Single by Annalisa

from the album E poi siamo finiti nel vortice
- Released: 31 March 2023
- Genre: Dance pop
- Length: 3:23
- Label: Warner Music Italy
- Songwriters: Annalisa Scarrone; Paolo Antonacci; Davide Simonetta;
- Producers: Davide Simonetta; Zef;

Annalisa singles chronology
| "Bellissima" (2022) | "Mon amour" (2023) | "Disco Paradise" (2023) |

Music video
- "Mon amour" on YouTube

= Mon amour (Annalisa song) =

2023 single by Italian singer Annalisa

"Mon amour" (My Love) is a song co-written and recorded by Italian singer-songwriter Annalisa. It was released on 31 March 2023 through Warner Music Italy, as the second single from her eighth studio album E poi siamo finiti nel vortice.

The song peaked at number 1 on the Italian singles chart, becoming Annalisa's first number one record and becoming the first Italian solo female artist to reach number one in the singles chart since 2020.

== Background and composition ==
Annalisa described the song as the next chapter of the story that started with "Bellissima", focusing on "the state of limbo that comes after the disappointment of a failed relationship and before the readiness to start over and move on". "Mon amour" explores the "recklessness" of this limbo, with the "crazy idea of revenge that makes you feel powerful again, even if only for an instant". It was written by Annalisa, Davide Simonetta and Paolo Antonacci, and produced by Simonetta and Zef.

== Reception ==
Vincenzo Nasto of Fanpage.it described the single as "a hymn to freedom and passions" related to both "dancefloor desires" and "carnal passion, with a hint of irony". Alessandro Alicandri of TV Sorrisi e Canzoni wrote that the track was "born without this performance anxiety" compared to the previous single, with a "lightness that serves to displace once again", thanks to the sounds made of a "persuasive club intro" and a "fascinating mix of Latin pop and French house sounds". Claudio Cabona of Rockol described it as a song with a "sexy and energetic atmosphere" with "90s pop sounds, but also a contemporary sound", believing that "Annalisa has never been more confident in her potential".

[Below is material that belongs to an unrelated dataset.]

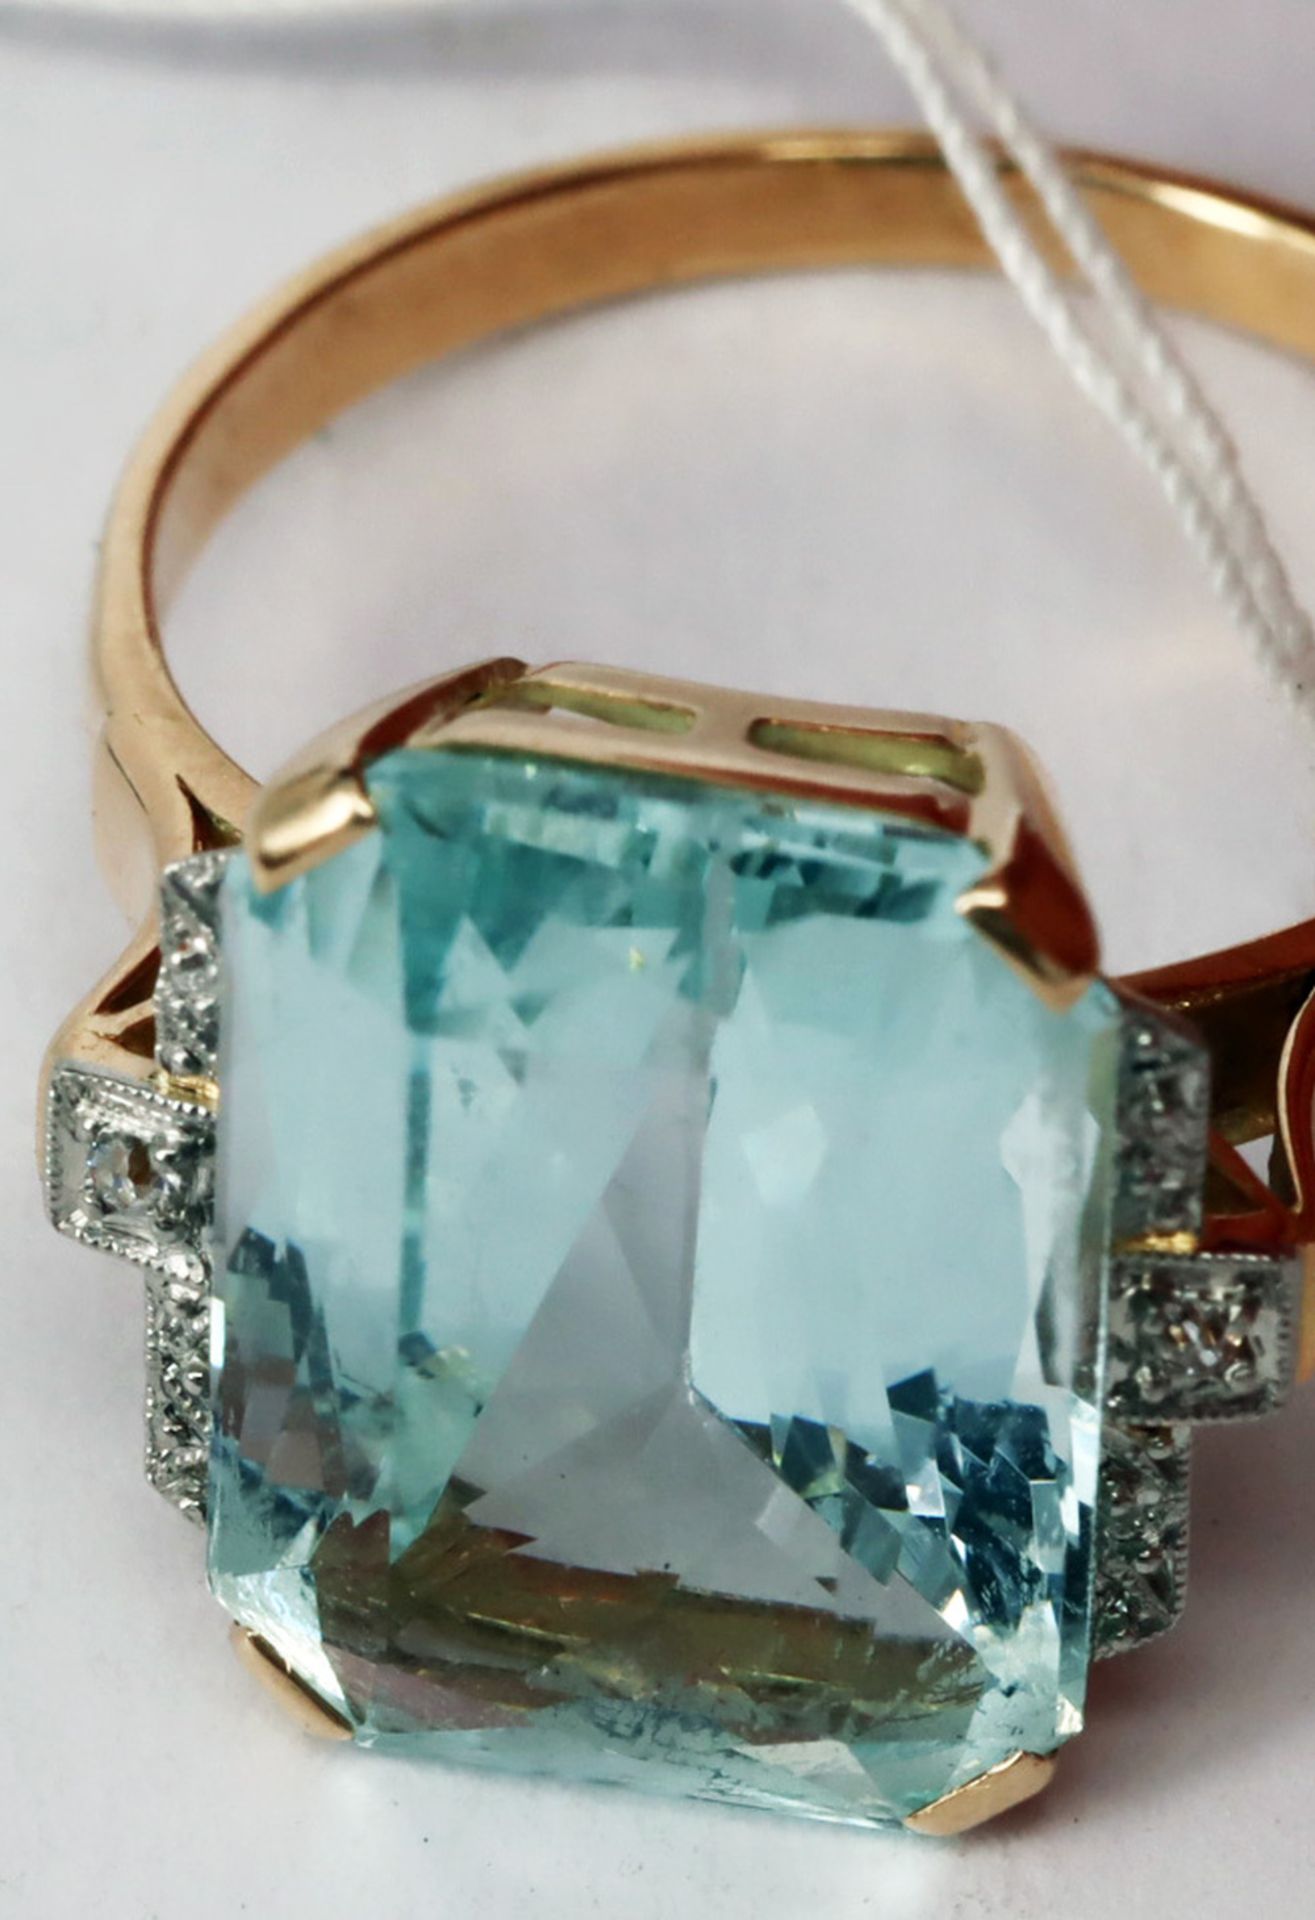 Ring, 585er GG, mit großem Aquamarin ca. 9 ct, seitlich mit Diamanten gefasst, Altersspuren, RG56 - Image 3 of 5

All Music Italia's Fabio Fiume gave "Mon amour" a score of 6+/10, pointing out how "it is less memorable, less hypnotic" compared to the previous single "Bellissima". Fiume also found that the singer's voice had been "exploited differently; ... the virtuosities are in fact reduced to the bone", adding the dynamic of the song is also "tense, without drops in intensity". Gabriele Fazio of Agenzia Giornalistica Italia was also not particularly impressed by the song, believing that "nothing remotely artistic is perceived" as it is dedicated to "a disinterested and superficial audience" becoming "just another hit, one of those that does not want to communicate anything".

==Music video==
A music video to accompany the release of "Mon amour", directed by Giulio Rosati, was released onto YouTube on 5 April 2023. The video depicts Annalisa with a new haircut and style, which Annalisa described as emblematic of periods of change, representing "a break from self-reflection and the adoption of an alter-ego".

==Commercial performance ==
"Mon amour" debuted at number 26 on the Italian singles chart. It reached number five two weeks later, becoming the singer's eleventh song to reach the top ten and her fourth to reach the top five. After spending two weeks at number three and three weeks at number two, the song peaked at number one on the chart in its ninth week. "Mon amour" became the first song by Annalisa to reach the top of the singles chart, making her the first Italian female solo artist to achieve this since Anna in 2020 with "Bando". The single saw continued success throughout 2023, remaining in the top ten of the Italian singles chart for 20 weeks and becoming the seventh biggest selling song of the year in Italy, the highest by a woman soloist. The song also topped the Italian airplay chart.

The song was a prominent hit of summer 2023, with Spotify naming it the eighth most streamed song of the summer in Italy on the platform. At RTL's Power Hits Estate 2023, "Mon amour" was awarded the SIAE prize for the most performed song of the summer at Italian musical events. The song achieved viral success on TikTok, featuring in over 700,000 videos in 2023 and becoming the most used song of the year in Italy on the app. "Mon amour" was certified five times platinum in Italy, for sales exceeding 500,000 copies.

==Charts==

===Weekly charts===

Weekly chart performance for "Mon amour"
| Chart (2023) | Peak position |
|---|---|
| Italy (FIMI) | 1 |
| Italy Airplay (EarOne) | 1 |

===Year-end charts===

2023 year-end chart performance for "Mon amour"
| Chart (2023) | Position |
|---|---|
| Italy (FIMI) | 7 |

2024 year-end chart performance for "Mon amour"
| Chart (2024) | Position |
|---|---|
| Italy (FIMI) | 72 |

==Certifications==

| Region | Certification | Certified units/sales |
| Italy (FIMI) | 6× Platinum | 600,000^{‡} |
^{‡} Sales+streaming figures based on certification alone.